Some speak of a 1-bit DAC (Alpine 9857), while others refer to a 24-bit Brown Burr DAC (Premier 880prs), and yet others just say 24-bit DAC (for DVD-Audio)
This is a problem of marketing departments using technical terms.
As stated earlier in the thread, the number of bits in a DAC determines the precision of the output - a 4 bit DAC can produce 16 different analogue voltages, a 16 bit DAC 65536 different voltages and a 24 bit DAC 1677216 different voltages.
CD-audio is recorded at 16 bit resolution. You should get perfect reproduction with a DAC with 16 bit resolution or better. DVD-audio can be recorded at 24 bit, hence DVD-audio players will usually have 24 bit DACs.
the term '1-bit' DAC is misleading. It describes a particular design of DAC, called a delta-sigma modulator (Marketing literature may also call this a bitstream converter). It doesn't tell you anything about the precision or quality of the overall DAC system. You can get 16 bit, 20 bit and 24 bit delta-sigma DACs. Indeed, the vast majority of audio DACs available today are delta-sigma DACs.
(I'll skip the theory of delta-sigma modulators, but they allow you to make a very high quality DAC out of a simple 1 bit DAC and a bundle of digital/analogue processing circuitry). It gets even more confusing, because some of highest-end audio DACs actually use delta-sigma modulators with 3 or 4 bits!
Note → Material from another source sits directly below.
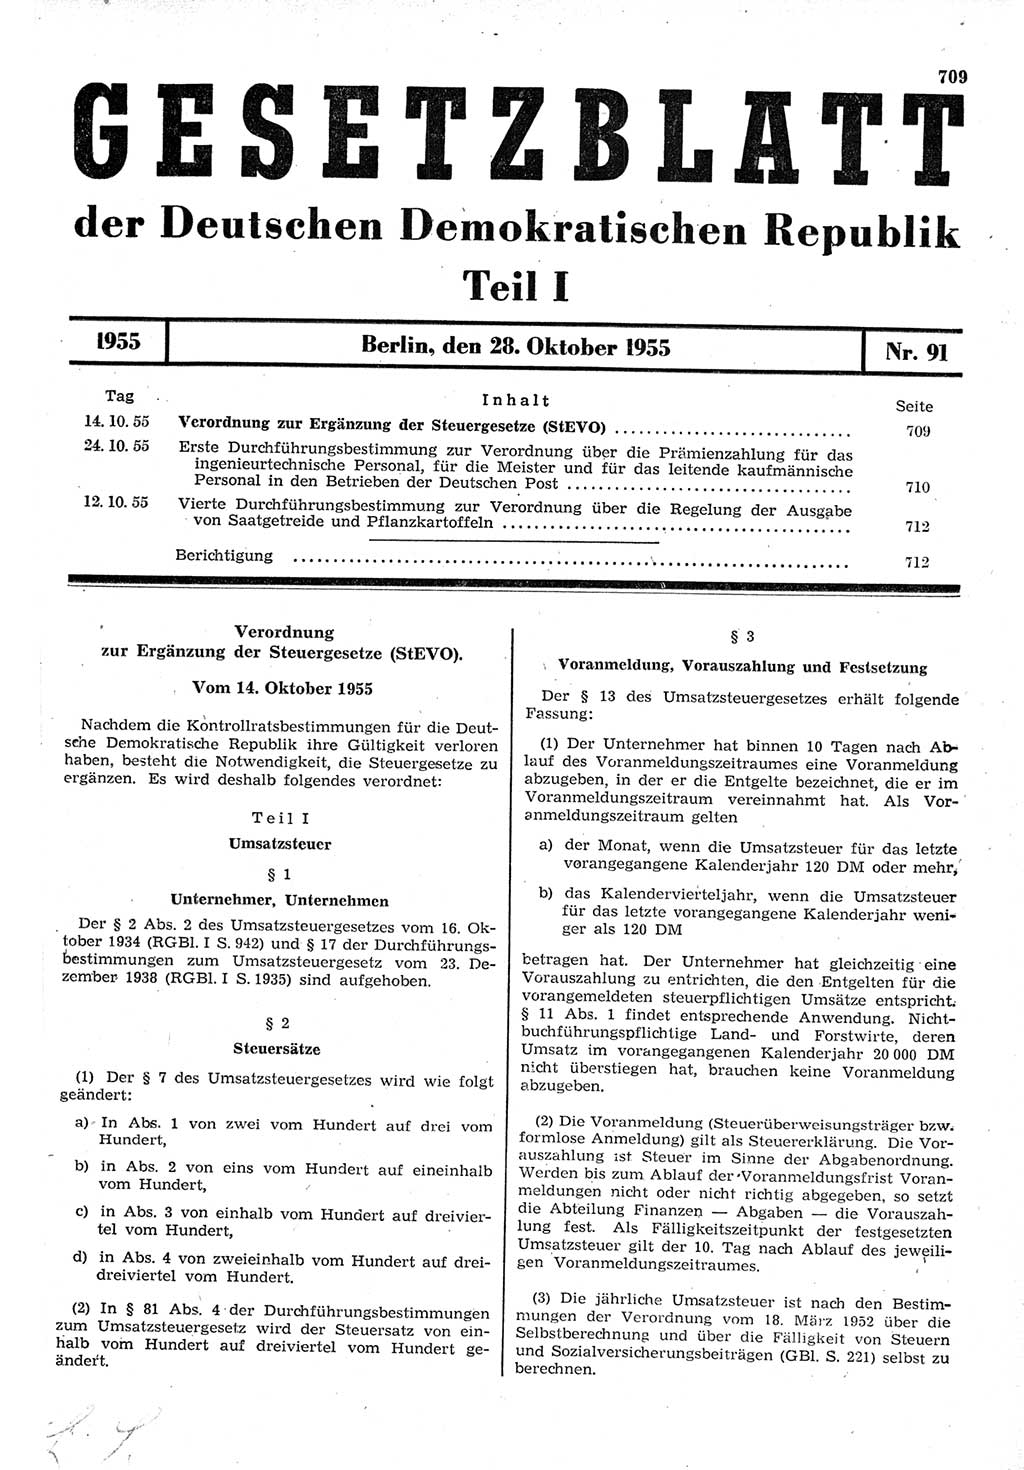 Gesetzblatt (GBl.) der Deutschen Demokratischen Republik (DDR) Teil Ⅰ 1955, Seite 709 (GBl. DDR Ⅰ 1955, S. 709)
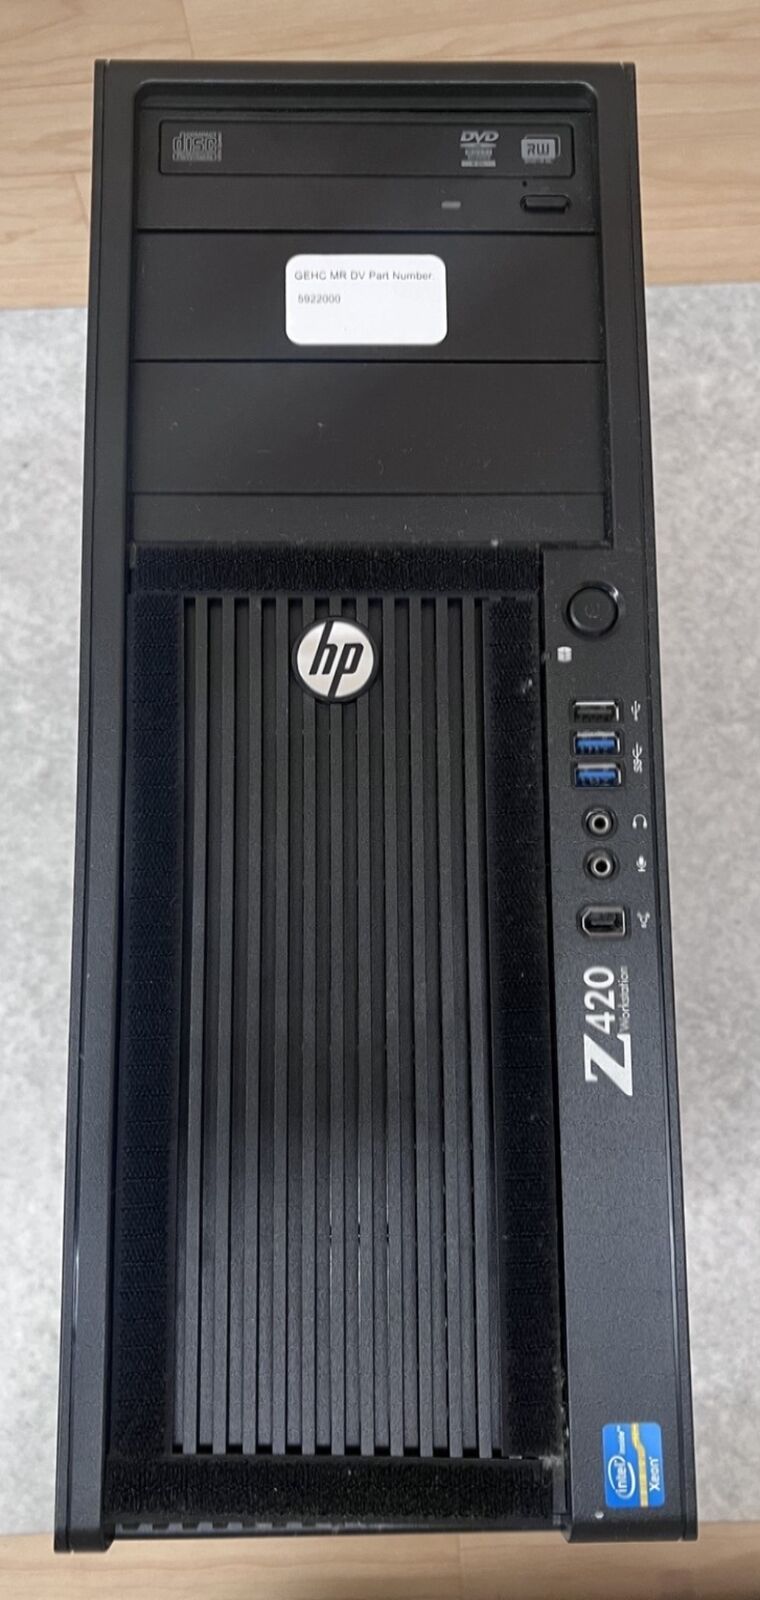 HP Z420 Workstation Xeon E5-1620 3.60GHz 32GB RAM 2x Nvidia Quadro K600 READ

Burr Brown, used to be a company that specialized in making high quality DACs and ADCs, serving the mid-high-end and very-high-end markets. Texas Instruments bought them out in 2000, but retained the Burr-brown name on the old Burr-brown products. TI haven't use the Burr-brown name on their new products, and much of the BB technology has mingled with TI technology. So, although Burr-brown made products serving the high end, their products are relatively old technology, and modern products (either from TI, or other manufacturers) may be better.